When Does a Heat Pump Become Ineffective Based on COP?

[rvaafrica]

1. You have a heat pump which has a coefficient of performance (C.O.P.) that is 17% of the maximum achievable. You want to heat your house to 20◦C. At what outside temperature does the heat pump become not useful?



2. C.O.P. = 1/(T1/T0 - 1)
T1= Temperature of the outside
T0 = Temperature of the house



3. Hi. Basically I am NOT looking for someone to give me an answer. I would just like some help on how to approach this problem. I know how to solve for T1 if they give the maximum C.O.P but I am stuck on how to complete this problem since the max. C.O.P is not given. Any help would be greatly appreciated.

 

[kreil]

The formula you gave can be rewritten,

$$COP_{heating} = \frac{T_0}{T_1-T_0}$$

Assuming the temperature outside is colder than that inside, this formula represents the coefficient of performance for heating at maximum theoretical efficiency.

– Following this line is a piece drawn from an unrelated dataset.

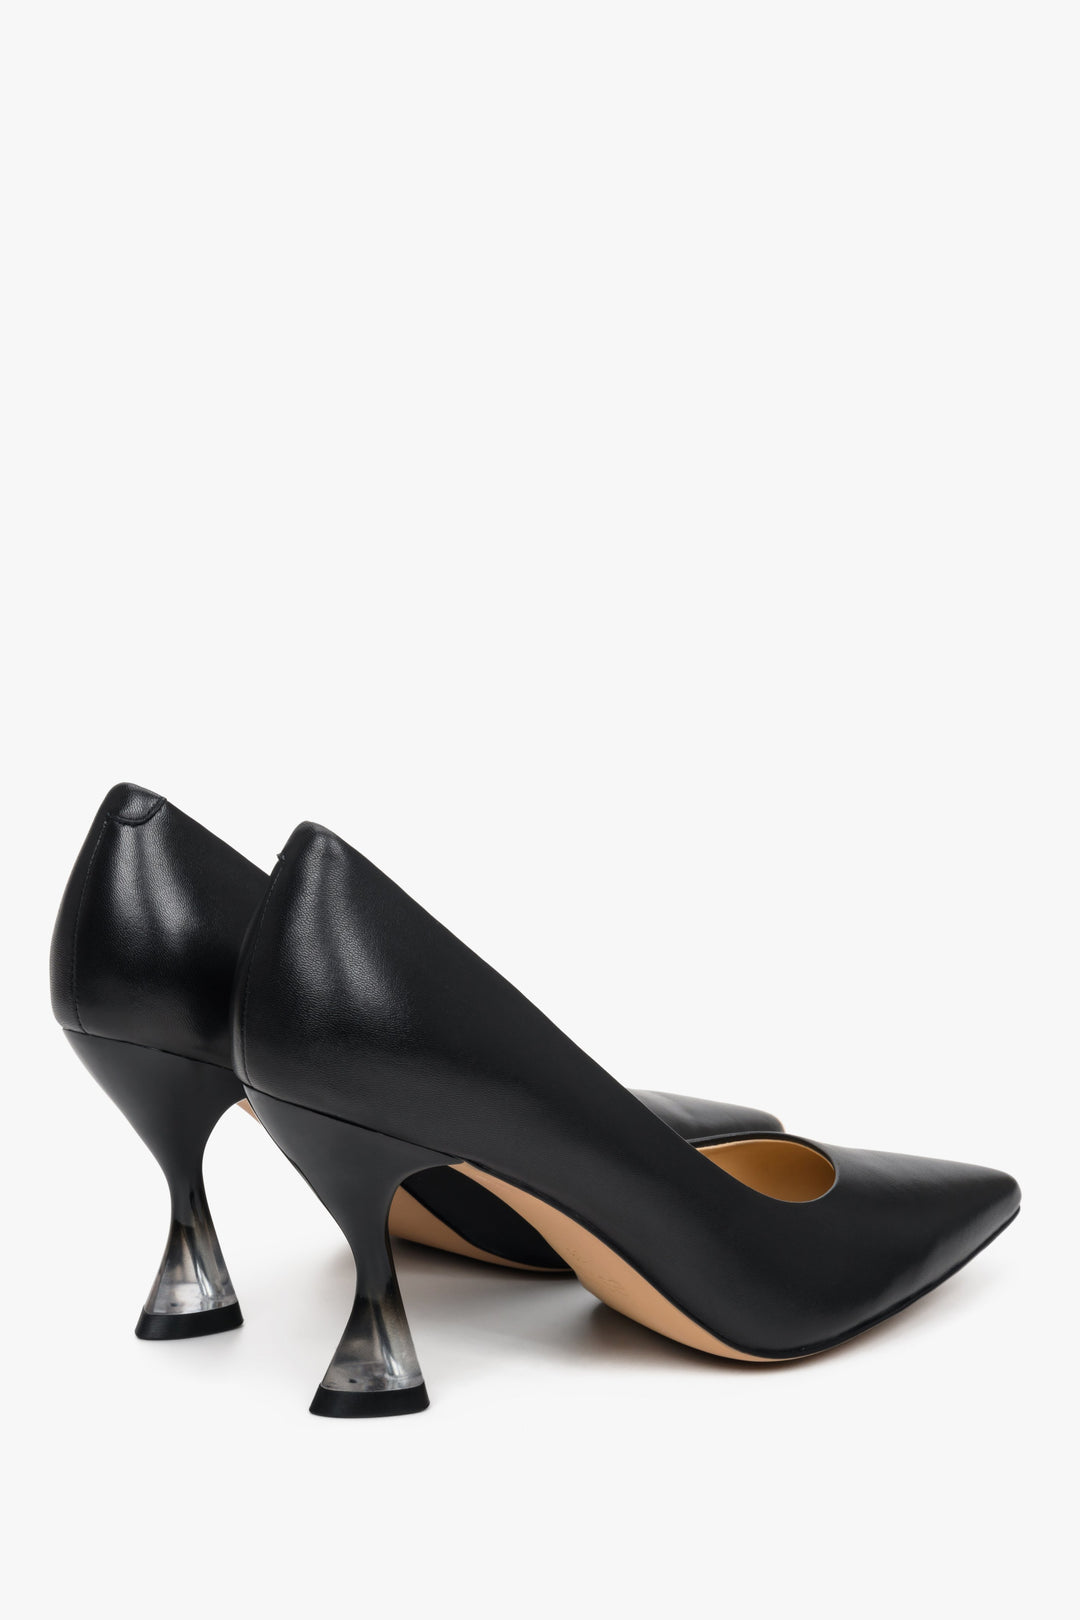 Elegant women's black high-heeled pumps by Estro - presentation of the shoe's heel.
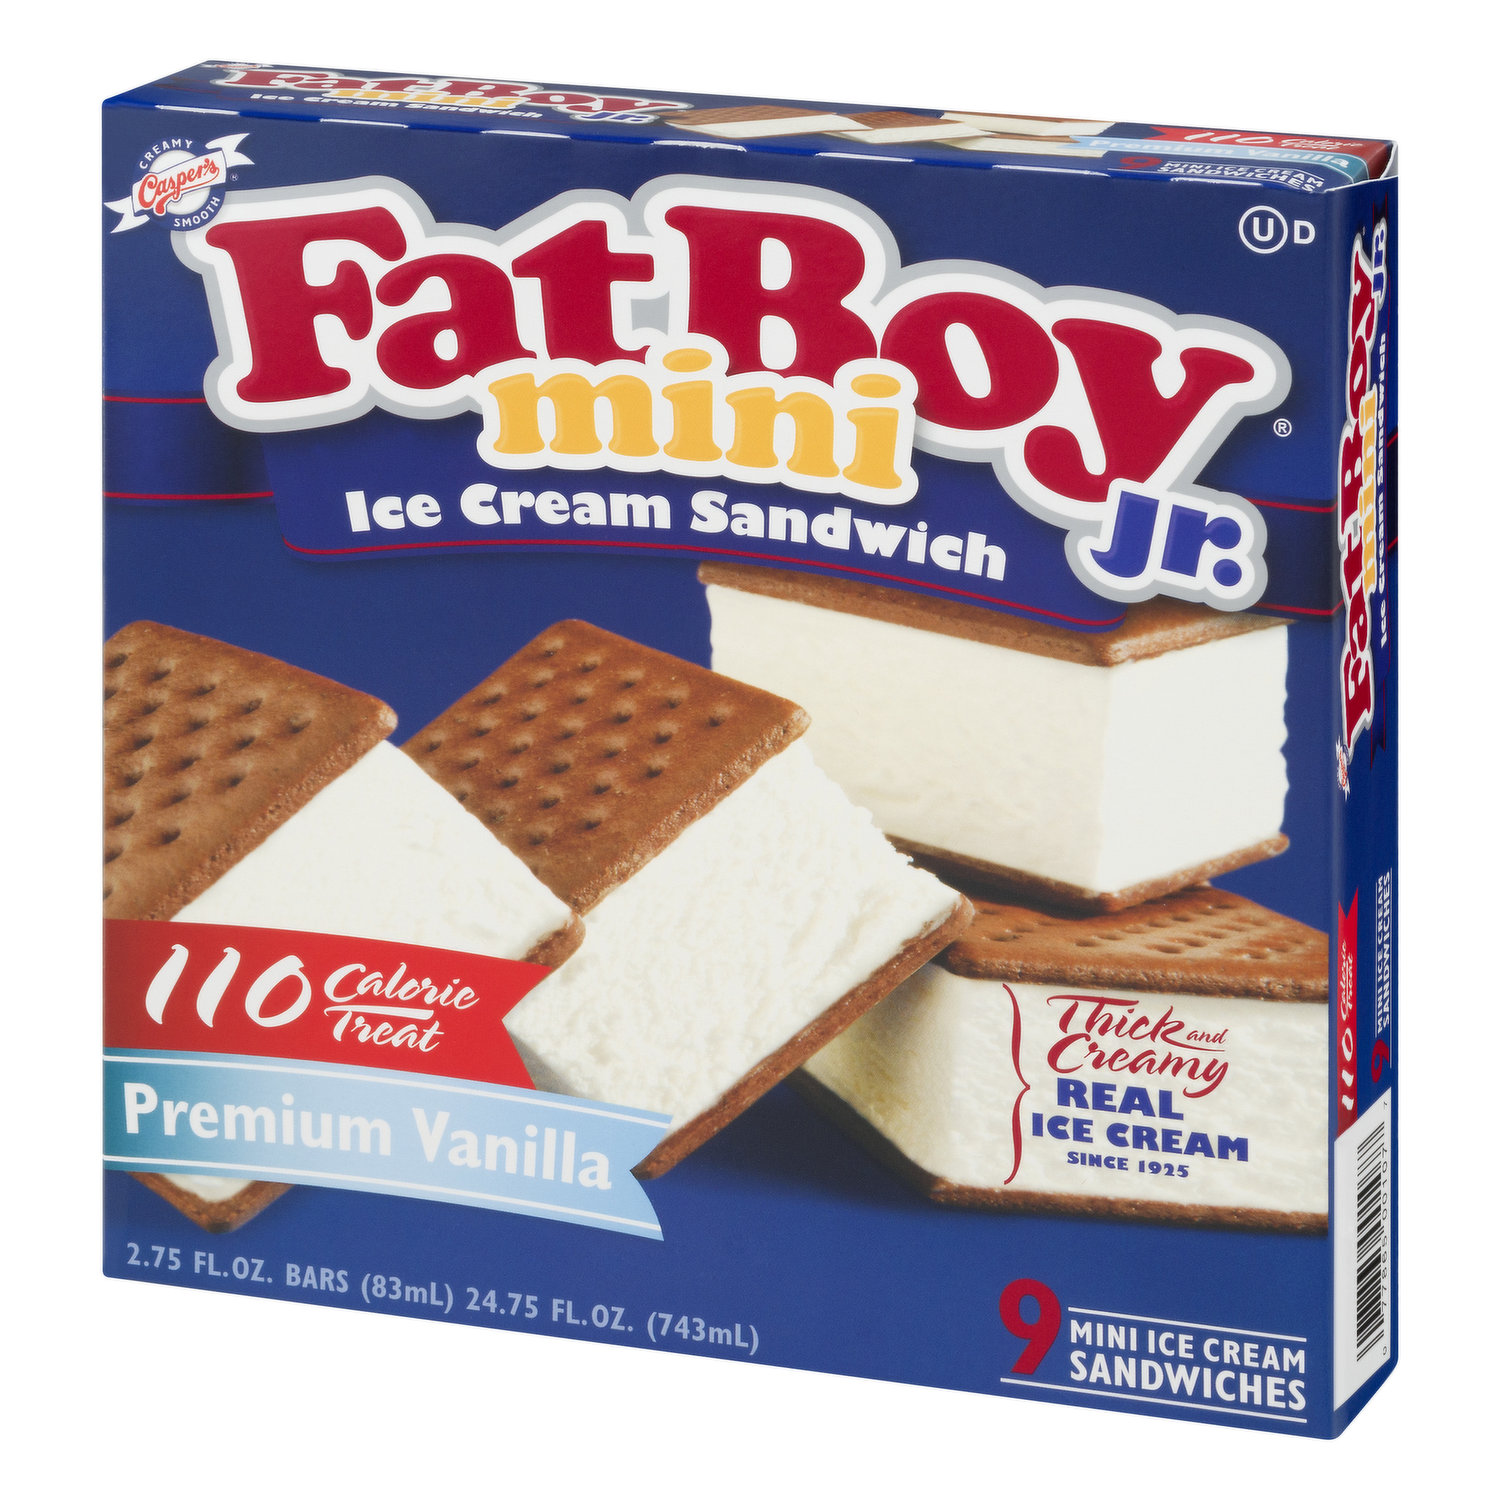 FatBoy Ice Cream  NEW! Famous FatBoy Vanilla Tub!

Read more: http://en.wikipedia.org/wiki/Coefficient_of_performance#Derivation

 

[Andrew Mason]

1. You have a heat pump which has a coefficient of performance (C.O.P.) that is 17% of the maximum achievable. You want to heat your house to 20◦C. At what outside temperature does the heat pump become not useful?
2. C.O.P. = 1/(T1/T0 - 1)
T1= Temperature of the outside
T0 = Temperature of the house
3. Hi. Basically I am NOT looking for someone to give me an answer. I would just like some help on how to approach this problem. I know how to solve for T1 if they give the maximum C.O.P but I am stuck on how to complete this problem since the max. C.O.P is not given. Any help would be greatly appreciated.

The equation for COP gives you the maximum (Carnot) COP. (Note: the denominator should be (1 - T1/T0)). Just multiply the maximum COP by .17

What is the value of COP at which the heat pump stops being useful?

AM